X_train_dense_sm = sm.add_constant(X_train_dense)
sm_model = sm.Logit(y_train, X_train_dense_sm).fit(disp=False)

summary_table = sm_model.summary2().tables[1]
summary_table['OR'] = np.exp(summary_table['Coef.'])
summary_table.sort_values('Coef.', ascending=False).head(15)

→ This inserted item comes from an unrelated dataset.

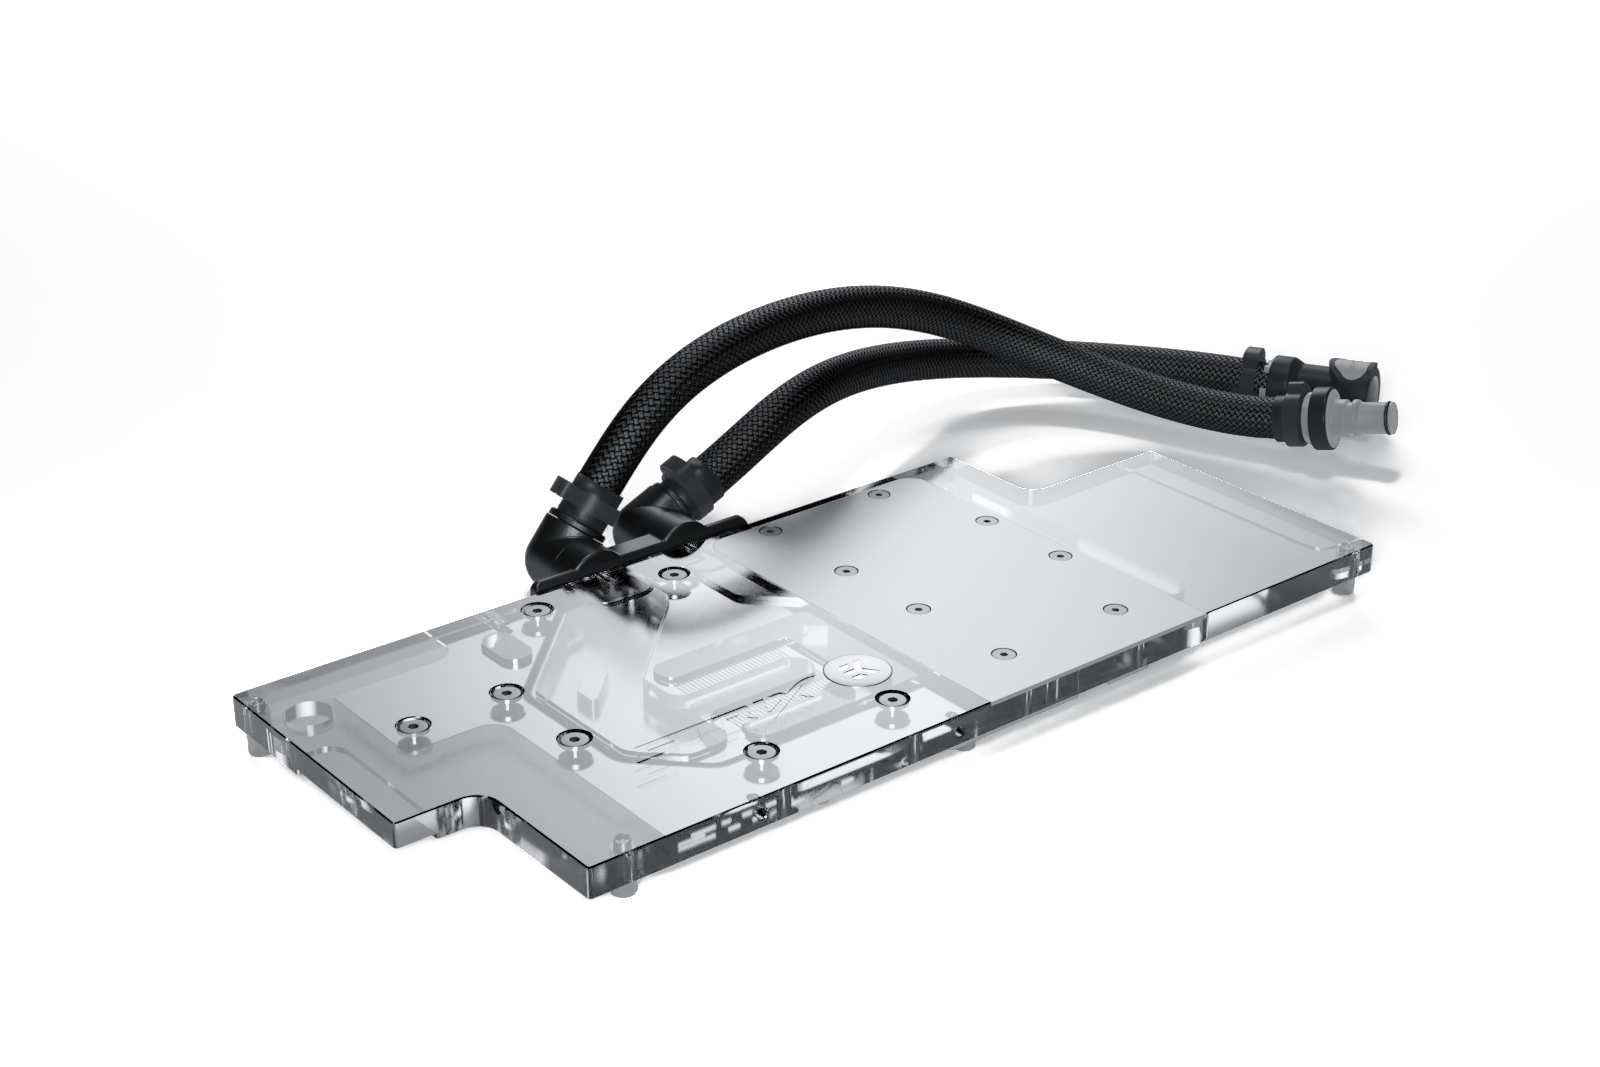 EK-MLC Phoenix GPU Module FC1080 GTX Ti Strix - Nickel (rev. 2.0)

## Export Lead Scores (0–100)

In [None]:
# Produce lead scores = probability * 100
lead_scores = (proba_test * 100).round(2)

out = pd.DataFrame({
    'index': X_test.index,
    'lead_score': lead_scores,
    'predicted_label': (proba_test >= thr_use).astype(int)
}).set_index('index')

out_path = 'lead_scores.csv'
out.to_csv(out_path, index=True)
print('Saved:', out_path)
out.head(10)


## Operating Modes (Business Playbook)
**Aggressive Mode (Interns available; aim: convert most predicted-1 leads):**
- Lower the decision threshold to prioritize **recall** (e.g., 0.35–0.45 range based on PR curve).
- Prioritize hot leads by **lead score** and **recent engagement** (e.g., `Last Activity = Email Opened/SMS Sent`).
- **Batch outreach**: first 2–3 touchpoints via email/SMS; schedule phone calls for the top decile.

**Conservative Mode (Target already met; minimize useless calls):**
- Raise the decision threshold to prioritize **precision** (e.g., 0.6–0.75).
- Restrict calls to leads with **high score** and **high-intent signals** (e.g., high `Total Time Spent on Website`, `TotalVisits`).
- Nurture others asynchronously with email drips; reassess when behavior changes.